* PROBLEM TO WORK ON
From the opening line of the records through the line bearing "Houston Rockets sign", set down every line exactly.

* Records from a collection
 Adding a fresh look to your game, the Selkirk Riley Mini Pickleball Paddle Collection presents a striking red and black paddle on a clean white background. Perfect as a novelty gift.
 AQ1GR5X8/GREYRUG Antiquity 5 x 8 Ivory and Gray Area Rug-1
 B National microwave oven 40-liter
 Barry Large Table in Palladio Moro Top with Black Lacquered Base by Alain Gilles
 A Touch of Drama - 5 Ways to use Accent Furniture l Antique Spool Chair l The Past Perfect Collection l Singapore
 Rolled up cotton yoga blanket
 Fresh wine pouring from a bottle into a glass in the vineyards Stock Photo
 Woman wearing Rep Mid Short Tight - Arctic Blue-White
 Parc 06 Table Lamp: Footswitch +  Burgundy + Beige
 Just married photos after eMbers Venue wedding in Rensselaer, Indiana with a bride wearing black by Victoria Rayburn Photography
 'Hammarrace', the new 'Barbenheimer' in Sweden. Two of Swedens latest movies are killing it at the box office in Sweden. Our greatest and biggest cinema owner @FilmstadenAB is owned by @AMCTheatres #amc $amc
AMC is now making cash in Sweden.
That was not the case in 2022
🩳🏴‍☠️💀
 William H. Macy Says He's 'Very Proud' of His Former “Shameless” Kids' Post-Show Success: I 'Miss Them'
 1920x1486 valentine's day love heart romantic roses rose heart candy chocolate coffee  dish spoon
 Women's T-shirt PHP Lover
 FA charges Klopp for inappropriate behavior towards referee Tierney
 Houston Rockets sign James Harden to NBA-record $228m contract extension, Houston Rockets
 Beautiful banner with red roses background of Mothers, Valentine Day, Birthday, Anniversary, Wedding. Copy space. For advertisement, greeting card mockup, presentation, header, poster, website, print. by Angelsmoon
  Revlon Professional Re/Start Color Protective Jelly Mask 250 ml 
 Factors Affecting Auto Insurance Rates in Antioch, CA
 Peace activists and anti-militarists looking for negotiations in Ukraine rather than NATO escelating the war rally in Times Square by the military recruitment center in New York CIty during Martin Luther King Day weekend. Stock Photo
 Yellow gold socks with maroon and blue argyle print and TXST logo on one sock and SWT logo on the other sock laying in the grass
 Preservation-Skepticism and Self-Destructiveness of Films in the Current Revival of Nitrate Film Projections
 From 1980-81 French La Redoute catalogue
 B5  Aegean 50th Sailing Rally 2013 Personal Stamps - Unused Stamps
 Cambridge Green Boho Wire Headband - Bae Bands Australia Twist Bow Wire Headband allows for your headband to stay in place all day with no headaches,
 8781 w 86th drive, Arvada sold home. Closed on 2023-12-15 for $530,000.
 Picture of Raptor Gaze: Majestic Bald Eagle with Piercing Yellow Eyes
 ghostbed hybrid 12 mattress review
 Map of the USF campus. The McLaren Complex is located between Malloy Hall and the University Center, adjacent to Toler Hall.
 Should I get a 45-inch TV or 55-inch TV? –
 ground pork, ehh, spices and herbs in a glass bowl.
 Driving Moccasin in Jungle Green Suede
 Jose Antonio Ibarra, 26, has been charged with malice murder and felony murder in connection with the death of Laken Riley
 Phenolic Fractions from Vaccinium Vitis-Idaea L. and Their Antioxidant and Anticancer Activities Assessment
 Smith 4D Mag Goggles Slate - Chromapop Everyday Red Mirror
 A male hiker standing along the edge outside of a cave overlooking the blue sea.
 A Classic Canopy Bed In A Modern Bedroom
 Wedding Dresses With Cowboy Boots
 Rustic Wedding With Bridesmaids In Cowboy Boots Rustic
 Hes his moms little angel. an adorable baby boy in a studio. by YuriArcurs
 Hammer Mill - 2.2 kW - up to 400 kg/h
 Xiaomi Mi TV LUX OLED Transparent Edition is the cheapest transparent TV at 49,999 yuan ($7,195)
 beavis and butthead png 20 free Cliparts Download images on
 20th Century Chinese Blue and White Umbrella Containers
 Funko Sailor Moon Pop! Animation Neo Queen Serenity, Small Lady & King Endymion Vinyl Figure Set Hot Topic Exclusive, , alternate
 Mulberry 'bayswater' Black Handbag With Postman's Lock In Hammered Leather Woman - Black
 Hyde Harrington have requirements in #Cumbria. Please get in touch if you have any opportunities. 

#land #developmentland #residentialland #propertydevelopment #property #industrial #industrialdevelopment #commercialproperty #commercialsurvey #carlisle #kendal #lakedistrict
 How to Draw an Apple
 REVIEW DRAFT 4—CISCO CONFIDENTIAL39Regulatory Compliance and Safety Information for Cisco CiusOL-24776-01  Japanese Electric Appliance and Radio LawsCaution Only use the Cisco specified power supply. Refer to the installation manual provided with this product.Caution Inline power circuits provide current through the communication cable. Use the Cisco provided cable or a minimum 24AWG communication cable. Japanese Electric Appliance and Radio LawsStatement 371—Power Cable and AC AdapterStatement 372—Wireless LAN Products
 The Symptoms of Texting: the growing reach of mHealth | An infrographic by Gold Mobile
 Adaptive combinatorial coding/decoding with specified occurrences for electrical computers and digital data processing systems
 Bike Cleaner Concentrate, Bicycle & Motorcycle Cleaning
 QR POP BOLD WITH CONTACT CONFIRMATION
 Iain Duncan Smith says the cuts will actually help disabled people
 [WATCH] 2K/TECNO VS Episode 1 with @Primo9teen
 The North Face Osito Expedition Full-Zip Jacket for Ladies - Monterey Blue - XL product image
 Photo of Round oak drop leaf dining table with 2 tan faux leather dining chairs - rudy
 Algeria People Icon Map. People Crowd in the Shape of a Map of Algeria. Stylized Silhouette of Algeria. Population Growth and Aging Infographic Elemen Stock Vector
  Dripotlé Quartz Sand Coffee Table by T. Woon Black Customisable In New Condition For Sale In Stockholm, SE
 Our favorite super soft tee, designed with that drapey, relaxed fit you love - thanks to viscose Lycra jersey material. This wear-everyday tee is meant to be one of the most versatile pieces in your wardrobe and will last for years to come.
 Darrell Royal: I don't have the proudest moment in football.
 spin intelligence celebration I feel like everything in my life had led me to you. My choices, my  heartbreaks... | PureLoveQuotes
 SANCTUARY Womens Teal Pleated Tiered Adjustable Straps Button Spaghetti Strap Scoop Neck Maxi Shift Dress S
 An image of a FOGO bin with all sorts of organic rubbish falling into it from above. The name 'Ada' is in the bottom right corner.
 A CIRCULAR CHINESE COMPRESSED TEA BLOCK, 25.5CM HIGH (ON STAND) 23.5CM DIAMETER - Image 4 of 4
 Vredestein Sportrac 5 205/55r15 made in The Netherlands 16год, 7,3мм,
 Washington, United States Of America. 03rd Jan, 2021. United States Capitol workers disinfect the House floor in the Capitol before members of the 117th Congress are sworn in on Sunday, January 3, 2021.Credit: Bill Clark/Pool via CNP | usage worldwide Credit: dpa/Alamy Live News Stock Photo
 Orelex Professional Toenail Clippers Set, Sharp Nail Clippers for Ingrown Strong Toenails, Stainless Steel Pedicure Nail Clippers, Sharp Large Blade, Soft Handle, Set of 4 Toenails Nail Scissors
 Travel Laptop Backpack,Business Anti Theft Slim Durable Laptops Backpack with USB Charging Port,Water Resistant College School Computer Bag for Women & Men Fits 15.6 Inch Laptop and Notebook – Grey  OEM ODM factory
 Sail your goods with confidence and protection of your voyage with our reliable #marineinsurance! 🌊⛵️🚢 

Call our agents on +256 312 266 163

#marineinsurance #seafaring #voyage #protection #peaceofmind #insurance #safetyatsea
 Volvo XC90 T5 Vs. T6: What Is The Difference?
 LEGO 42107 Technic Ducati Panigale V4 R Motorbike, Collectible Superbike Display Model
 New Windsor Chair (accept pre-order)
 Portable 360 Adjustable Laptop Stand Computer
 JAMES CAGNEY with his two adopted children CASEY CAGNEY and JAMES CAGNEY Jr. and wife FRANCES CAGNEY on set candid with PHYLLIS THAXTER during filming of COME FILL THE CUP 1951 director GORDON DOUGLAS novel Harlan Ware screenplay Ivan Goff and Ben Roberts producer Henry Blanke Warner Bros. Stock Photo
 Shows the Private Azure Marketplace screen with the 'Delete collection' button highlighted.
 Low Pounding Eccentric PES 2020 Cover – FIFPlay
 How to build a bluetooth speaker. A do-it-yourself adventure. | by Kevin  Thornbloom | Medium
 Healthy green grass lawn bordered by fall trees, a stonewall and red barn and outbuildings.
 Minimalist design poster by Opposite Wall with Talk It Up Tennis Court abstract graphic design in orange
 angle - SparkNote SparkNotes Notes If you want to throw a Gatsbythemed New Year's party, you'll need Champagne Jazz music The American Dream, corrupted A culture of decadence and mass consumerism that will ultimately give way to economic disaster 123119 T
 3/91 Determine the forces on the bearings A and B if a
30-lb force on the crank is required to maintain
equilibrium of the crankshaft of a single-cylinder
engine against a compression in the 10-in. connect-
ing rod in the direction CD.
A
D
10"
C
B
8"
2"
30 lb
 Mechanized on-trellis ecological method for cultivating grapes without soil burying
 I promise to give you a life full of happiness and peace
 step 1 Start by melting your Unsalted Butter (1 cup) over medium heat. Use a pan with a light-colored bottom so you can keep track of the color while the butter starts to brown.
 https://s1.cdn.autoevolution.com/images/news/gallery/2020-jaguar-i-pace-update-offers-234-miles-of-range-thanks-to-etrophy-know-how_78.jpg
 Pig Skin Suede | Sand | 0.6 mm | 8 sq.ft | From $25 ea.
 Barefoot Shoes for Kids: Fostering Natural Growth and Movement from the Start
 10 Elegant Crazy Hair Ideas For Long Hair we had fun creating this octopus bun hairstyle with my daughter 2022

* ANSWER TO THIS TASK
 Adding a fresh look to your game, the Selkirk Riley Mini Pickleball Paddle Collection presents a striking red and black paddle on a clean white background. Perfect as a novelty gift.
 AQ1GR5X8/GREYRUG Antiquity 5 x 8 Ivory and Gray Area Rug-1
 B National microwave oven 40-liter
 Barry Large Table in Palladio Moro Top with Black Lacquered Base by Alain Gilles
 A Touch of Drama - 5 Ways to use Accent Furniture l Antique Spool Chair l The Past Perfect Collection l Singapore
 Rolled up cotton yoga blanket
 Fresh wine pouring from a bottle into a glass in the vineyards Stock Photo
 Woman wearing Rep Mid Short Tight - Arctic Blue-White
 Parc 06 Table Lamp: Footswitch +  Burgundy + Beige
 Just married photos after eMbers Venue wedding in Rensselaer, Indiana with a bride wearing black by Victoria Rayburn Photography
 'Hammarrace', the new 'Barbenheimer' in Sweden. Two of Swedens latest movies are killing it at the box office in Sweden. Our greatest and biggest cinema owner @FilmstadenAB is owned by @AMCTheatres #amc $amc
AMC is now making cash in Sweden.
That was not the case in 2022
🩳🏴‍☠️💀
 William H. Macy Says He's 'Very Proud' of His Former “Shameless” Kids' Post-Show Success: I 'Miss Them'
 1920x1486 valentine's day love heart romantic roses rose heart candy chocolate coffee  dish spoon
 Women's T-shirt PHP Lover
 FA charges Klopp for inappropriate behavior towards referee Tierney
 Houston Rockets sign James Harden to NBA-record $228m contract extension, Houston Rockets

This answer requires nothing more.